Leetcode 224. Basic Calculator

Given a string s representing a valid expression, implement a basic calculator to evaluate it, and return the result of the evaluation.

Note: You are not allowed to use any built-in function which evaluates strings as mathematical expressions, such as eval().

Example 1:Input: s = “1 + 1” Output: 2

Example 2:Input: s = ” 2-1 + 2 ” Output: 3

Example 3:Input: s = “(1+(4+5+2)-3)+(6+8)” Output: 23

Constraints:

• 1 <= s.length <= 3 * 105
• s consists of digits, '+', '-', '(', ')', and ' '.
• s represents a valid expression.
• '+' is not used as a unary operation (i.e., "+1" and "+(2 + 3)" is invalid).
• '-' could be used as a unary operation (i.e., "-1" and "-(2 + 3)" is valid).
• There will be no two consecutive operators in the input.
• Every number and running calculation will fit in a signed 32-bit integer.

My solution is a typical way. However, the performance is not that good. Just FYI.

class Solution:
    def calculate(self, s: str) -> int:
        pattern = r'(\d+|\D)'

        tokens = re.findall(pattern, s)

        stack = []

        for char in tokens:
            if char == ' ':
                pass
            elif char == ')':
                sub_stack = self.get_substack(stack)
                stack.append(self.calculate_subtotal(sub_stack))
            else:
                stack.append(char)
        
        return self.calculate_subtotal(stack)
    
    def get_substack(self, stack):
        sub_stack = []

        while stack and stack[-1] != '(':
            sub_stack.append(stack.pop())

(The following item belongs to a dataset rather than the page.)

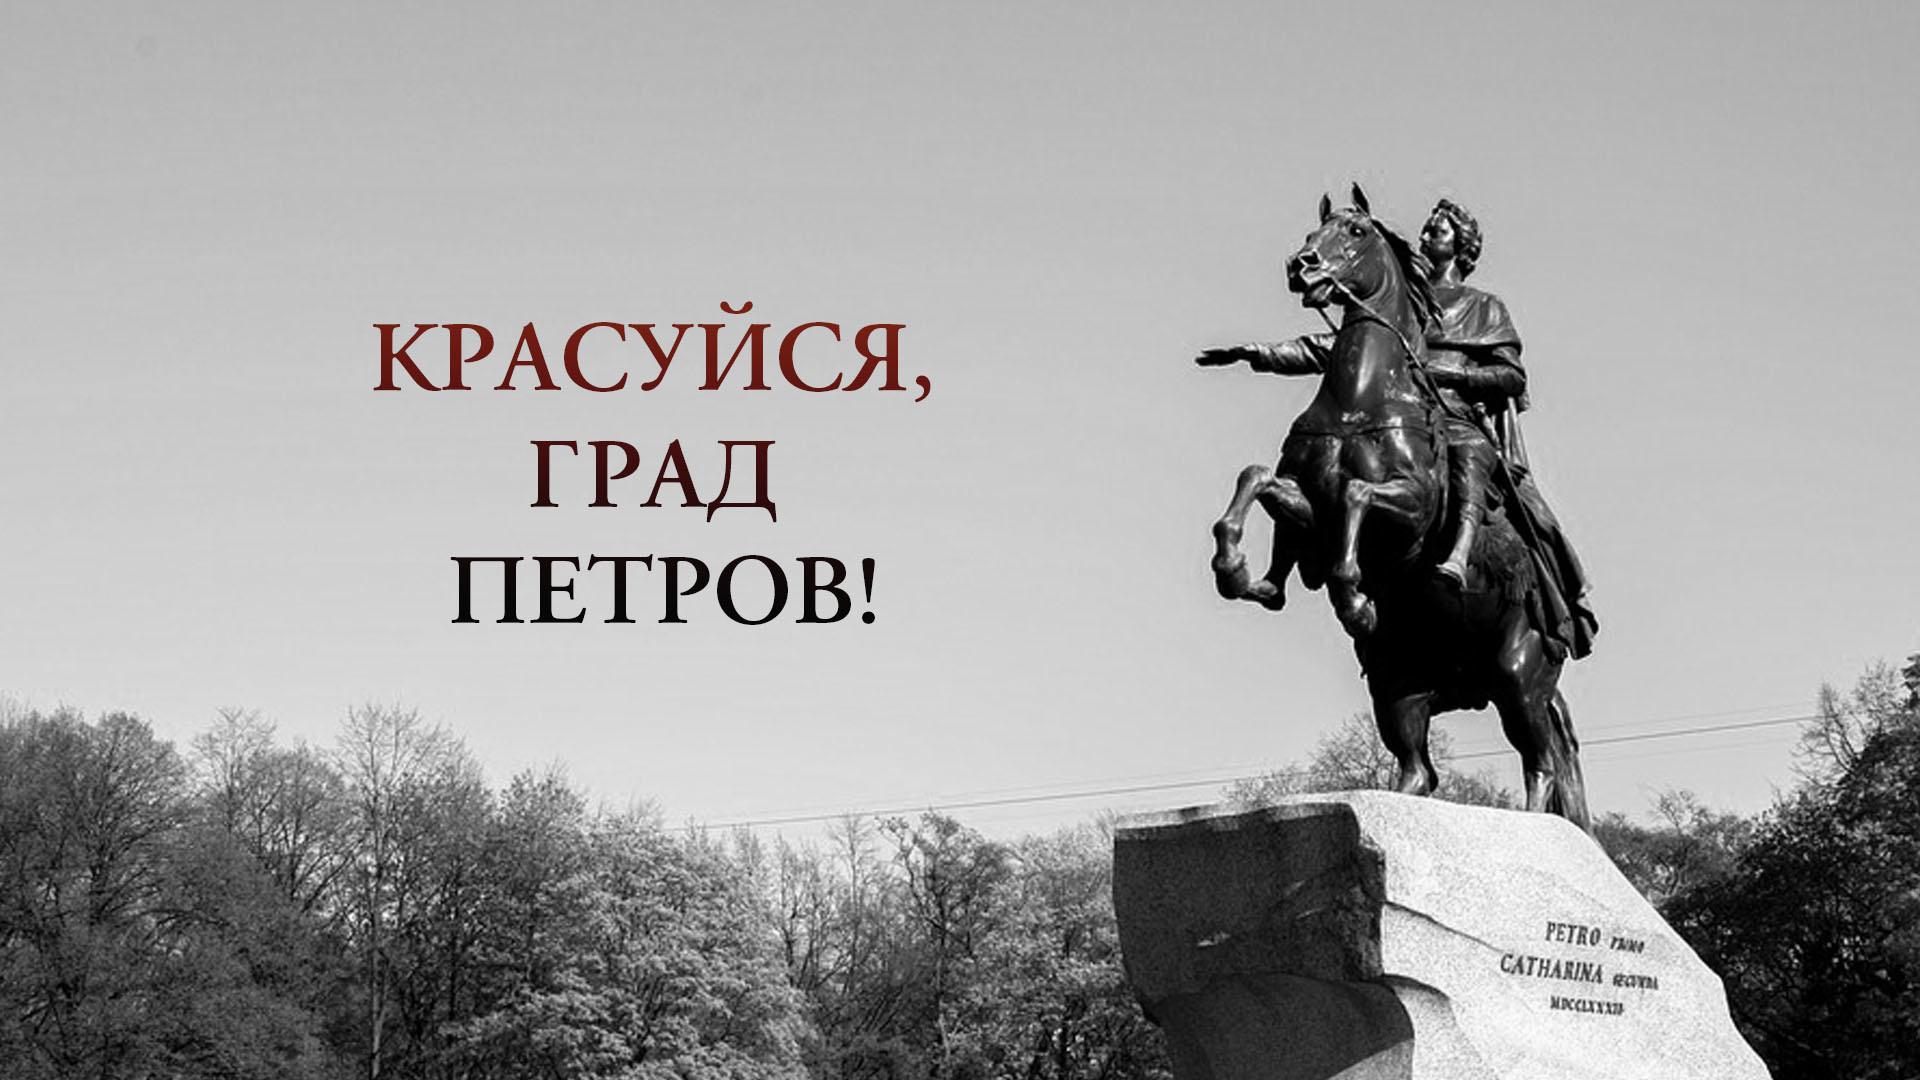 Красуйся, град Петров!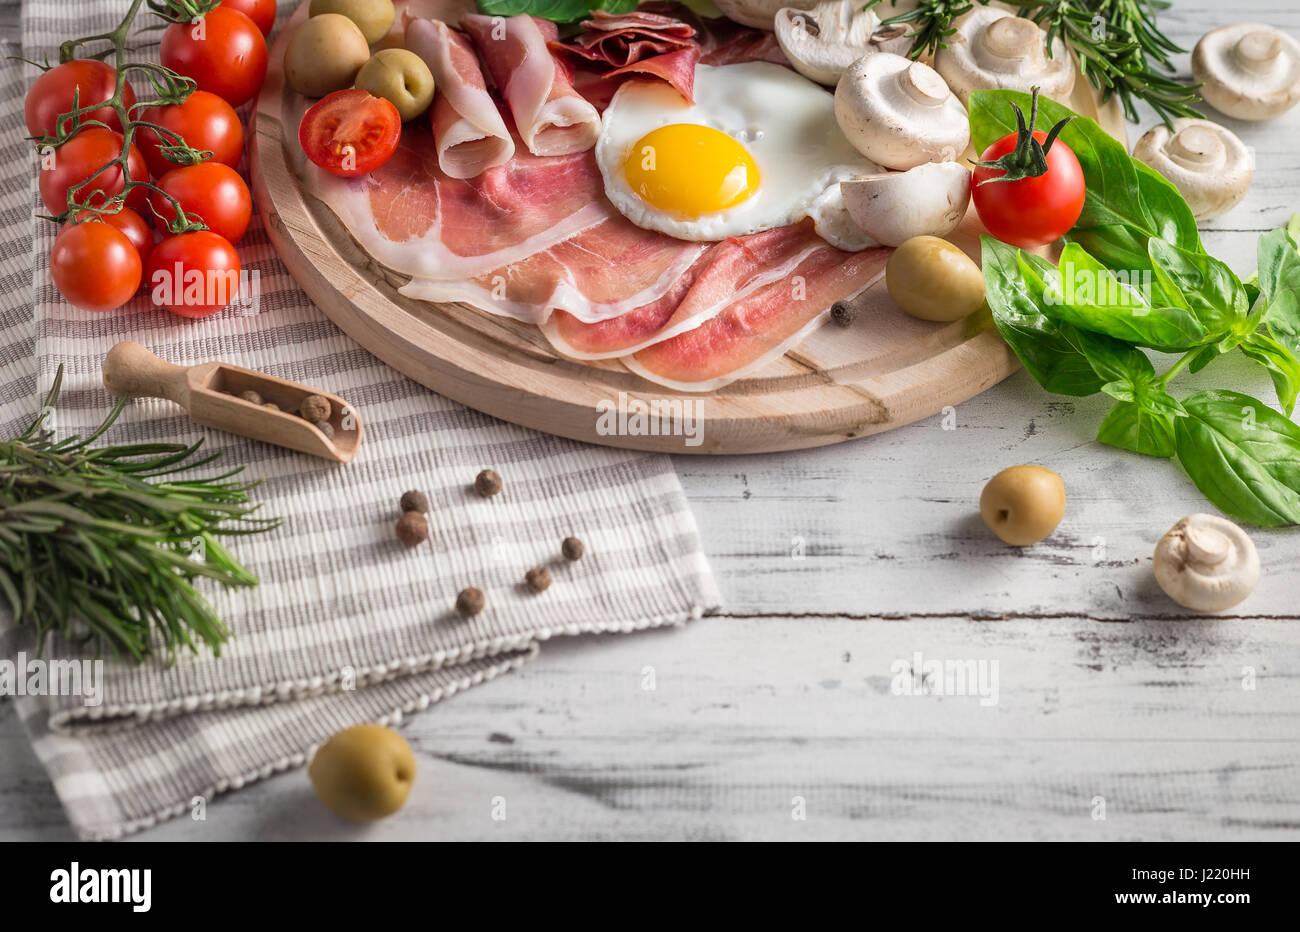 Petit-déjeuner méditerranéen sain d'épicerie: œufs frits, jambon, champignons, tomates, Photo Stock

        if stack and stack[-1] == '(':
            stack.pop()

        return sub_stack[::-1]

    def calculate_subtotal(self, stack):
        total = 0
        sign = None

        for char in stack:
            if str(char) == '-' or str(char) == '+':
                sign = char
            else:
                if sign == '-':
                    total -= int(char)
                else:
                    total += int(char)
        
        return total